3.1. In Vitro Passage of WNV02 at Increased Temperature in Mosquito Cells

Viral loads were quantified at both 25 °C and 30 °C at 24–120 hpi to establish baseline temperature sensitivity and growth kinetics of WNV02 IC in C × T. These temperatures were utilized to assess the influence of temperature within a realistic range. Results demonstrated significantly lower viral titers at 25 °C at 24–96 hpi (* p ≤ 0.05 one-way ANOVA w/multiple comparisons, Tukey’s post-test) with similar peak titers by 120 hpi (Figure 2A). To determine the influence of temperature on WNV evolution and adaptation, serial passage of WNV02 IC was performed in C × T mosquito cells at 25 °C or 30 °C using two distinct lineages (A and B) maintained at each temperature. Viral loads, as measured by WNV genomes, varied by passage and temperature (Figure 2B). Specifically, decreased titer was measured for pass 1 and 2 at 25 °C, with substantial increases at pass 5. Output titer from passes 5–12 fluctuated between 9.0 and 11.0 log10 genomes/mL. At 30 °C, increased output titers were measured for each passage up to pass 5 and a gradual decrease was measured from pass 7–12. Similar output titers were measured for lineage A and B at each temperature. Overall, a significantly higher viral load was measured for WNV passaged at 30 °C compared to 25 °C (* p ≤ 0.05 one-way ANOVA w/multiple comparisons, Tukey’s post-test). Infectious particles were also quantified via plaque assay (pfu). Genome to pfu ratios fluctuated during passage, with values ranging from 6.0 × 102–6.0 × 103 copies/pfu, yet overall trends for infectious particles were similar to those measured for WNV genomes (Figure 2B).
Figure 2

Temperature-dependent replication of West Nile virus in Culex cell culture. (A) Growth kinetics of WNV02 IC passage 1 in Culex tarsalis (C × T) cells at 25 °C and 30 °C. Viral loads were determined via plaque titration and kinetics are shown as means of duplicate assay. Significantly higher output titers were measured at 30 °C relative to 25 °C (* p < 0.05 (one-way ANOVA w/multiple comparisons, Tukey’s post-test). (B) Output viral load during passage of WNV02 IC. Viral RNA levels were quantified at 96 h post-infection by real-time RT-PCR using genome copy standards. Significantly higher output titers were measured at 30 °C relative to 25 °C (* p< 0.05 (one-way ANOVA w/multiple comparisons, Tukey’s post-test).

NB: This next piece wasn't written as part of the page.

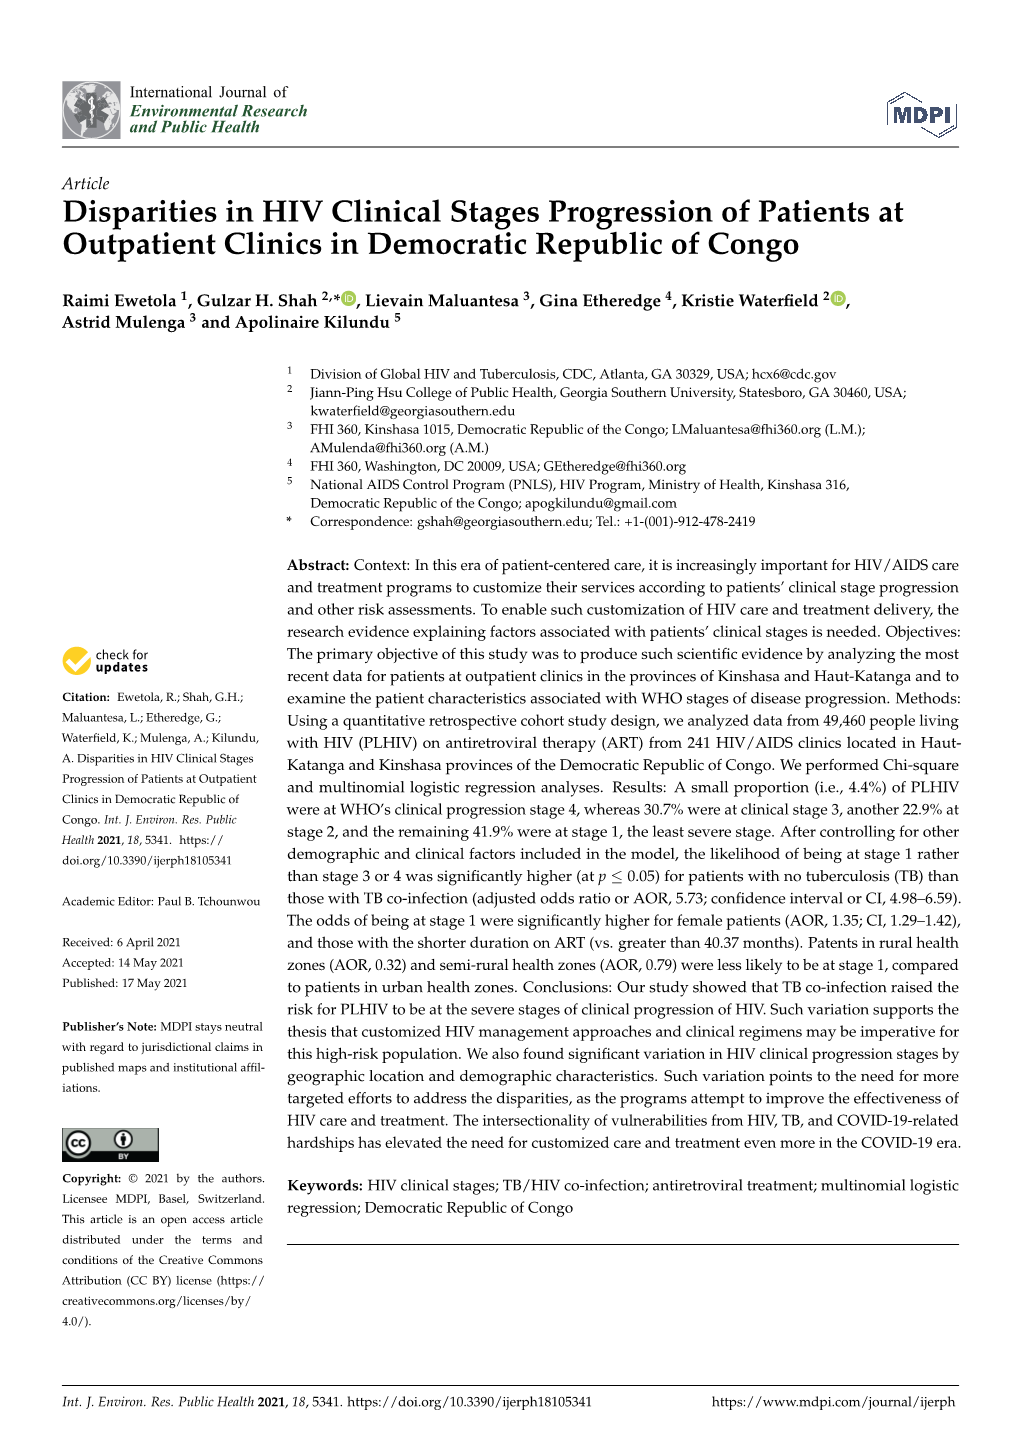 Disparities in HIV Clinical Stages Progression of Patients at Outpatient Clinics in Democratic Republic of Congo

3.2. Viral Fitness following Passage at Increased Temperature

Growth kinetics of WNV before (pass 1) and after (pass 12) were quantified in C × T cells at both 25 °C and 30 °C to evaluate the temperature-specific effects of experimental passage on viral replication. To quantify replicative fitness, log linear growth rates were calculated and compared [34]. Increased replicative fitness at both 25 °C and 30 °C was measured for both lineages following passage at 30 °C but only increases at 25 °C were measured in one lineage (lineage B) following passage at 25 °C. Specifically, replicative fitness at matched growth temperature following passage was unchanged in lineage A 25 °C, but increased by 0.034 log10 pfu/h in lineage B 25 °C, 0.041 log10 pfu/h in lineage A 30 °C, and 0.011 log10 pfu/h in lineage B 30 °C. Replicative fitness at alternate growth temperature decreased by −0.002 log10 pfu/h in lineage A 25 °C, yet increased by 0.013 log10 pfu/h in lineage B 25 °C, 0.012 log10 pfu/h in lineage A 30 °C, and 0.027 log10 pfu/h in lineage B 30 °C. Combined, replicative fitness at 25 °C and 30 °C was statistically equivalent following a single amplification (pass 1) on C × T at either temperature, yet passage at both 25 °C and 30 °C (pass 12) resulted in increased replicative fitness when growth kinetics were assessed at matched temperatures (Figure 3; p ≤ 0.05, three-way ANOVA w/multiple comparisons, Tukey’s post-test). Interestingly, WNV passaged at 25 °C did not demonstrate increased replicative fitness at 30 °C, yet WNV passaged at 30 °C demonstrated significant increases at both temperatures (Figure 3; p ≤ 0.05, three-way ANOVA w/multiple comparisons, Tukey’s post-test stat), indicating broad adaptation.
Figure 3

West Nile virus passage at increased temperatures facilitates temperature independent adaptation. Replicative fitness of WNV02 IC was assessed after 1 and 12 passages in Culex tarsalis (C × T) cells. Replicative fitness refers to the slope of the line of best fit determined via linear regression analysis of the log linear portion of individual growth curves. Data are shown as means of duplicate assays and lineages. Statistically different measures are indicated by unique characters (p ≤ 0.05, three-way ANOVA w/multiple comparisons, Tukey’s post-test).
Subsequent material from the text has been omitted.